0xfaded / pimatch

Fast ORB and 256-bit binary descriptor matching for ARM processors with NEON
GNU General Public License v3.0
33 stars 10 forks source link

PiMatch

PiMatch uses ARM NEON instructions to implement fast binary descriptor matching. Tests show that the core matching implementation is 4-5 times faster than the usual bit-twiddling implementation.

License

GPLv3

Building

A copy of DBoW used by ORB_SLAM is included in the demo/ directory. In order to build the HammingTreeDemo, DBoW must be built first.

The default version of g++ installed on the raspberry pi may crash when compiling DBoW. In this case, use g++-6 or later.

Core Primitives

The library provides several primitive matching methods which differ only in how the descriptors are arranged in memory. Their basic function is for each descriptor in the array of descriptors needle, to find the index of the closest matching descriptor in the array haystack.

Each variant is suffixed with three distinguishing letters, which are either d or i. A d for dense indicates that the descriptors or matches are sequentially located in memory. An i for indexed indicates that an additional array of indices will be provided to index the input arrays. The three letters correspond to the three input arrays matches, haystack and needle respectively. Therefore, the suffix ddi indicates that matches and haystack are dense, but needle is indexed.

Indexing allows PiMatch to compute descriptor distances in parallel without requiring the API consumer to construct densely arranged input arrays.

A second class of variants, suffixed with 2, find the two best match indices, as required by the commonly used best-match ratio test.

The currently available methods are

 hammingMatch256ddd
 hammingMatch256ddi
 hammingMatch256did
 hammingMatch256idi
 hammingMatch256dii
 hammingMatch256ddd2
 hammingMatch256ddi2
 hammingMatch256did2
 hammingMatch256idi2
 hammingMatch256dii2

HammingTree

The HammingTree class implements approximate NN searches using a k-means tree. The implementation is almost a drop-in replacement for DBoW, and Demo.cpp shows how to compute compatible data structures.
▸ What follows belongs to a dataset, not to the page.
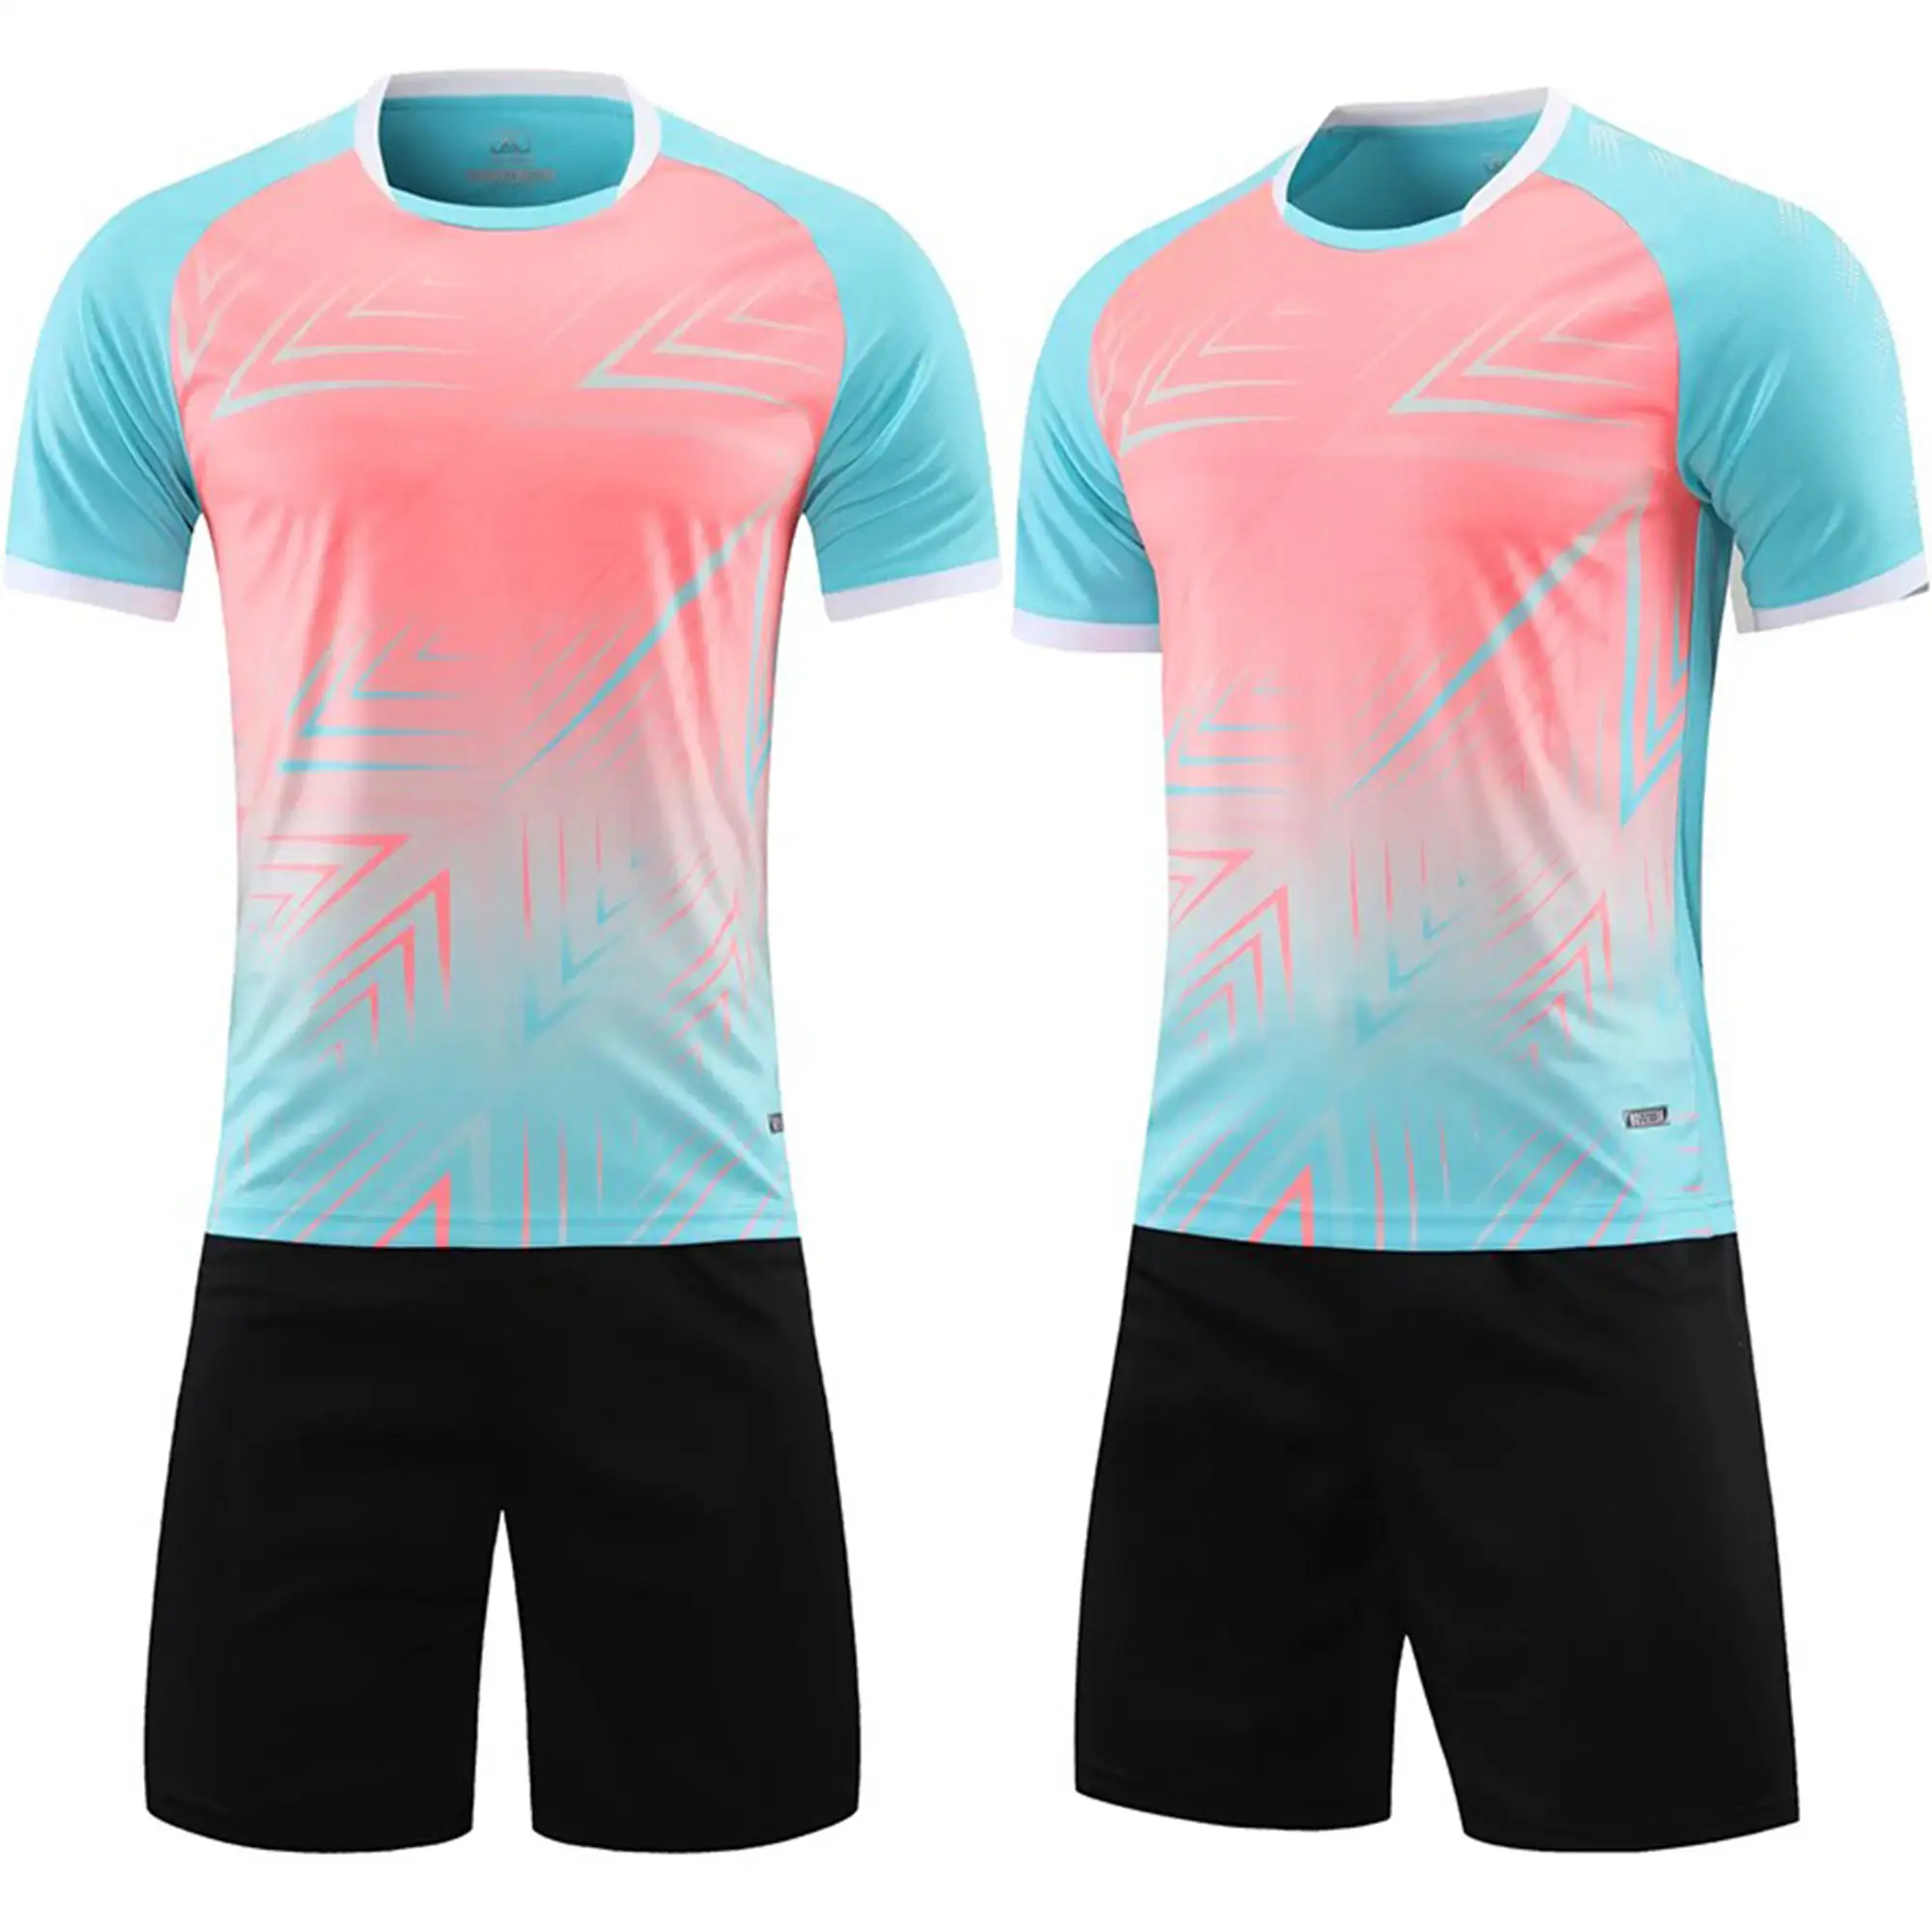 Kit de uniforme de fútbol unisex de alta calidad, ropa de entrenamiento deportivo de equipo personalizada, Conjunto de camiseta y pantalón de manga corta

Since PiMatch is part of a larger project to speedup ORB_SLAM on the RaspberryPi, the only file format currently understood by HammingTree is the textual format used by ORB_SLAM. For testing, The Vocabulary/ORBvoc.txt from the ORB_SLAM repository can be used.

Performance

The best measure of real-world performance is illustrated by the HammingTree demo. PiMatch is able to construct equivalent data structures 3.5x faster than DBoW. If 1:1 compatibility is not needed, useful data structures can be computed 4x faster.

Measuring performance of the core primitives is more complicated, since some use cases require the construction of index arrays. However, compared to the reference implementations used by the test cases, PiMatch is 4-5 times faster. The below graph shows computation costs on a RaspberryPi 3 for each of the core matching variants.

Primitive Execution Time

Note that the x-axis shows √comparisons since the number of the comparisons grows O(mn), where m and n are usually approximately equal.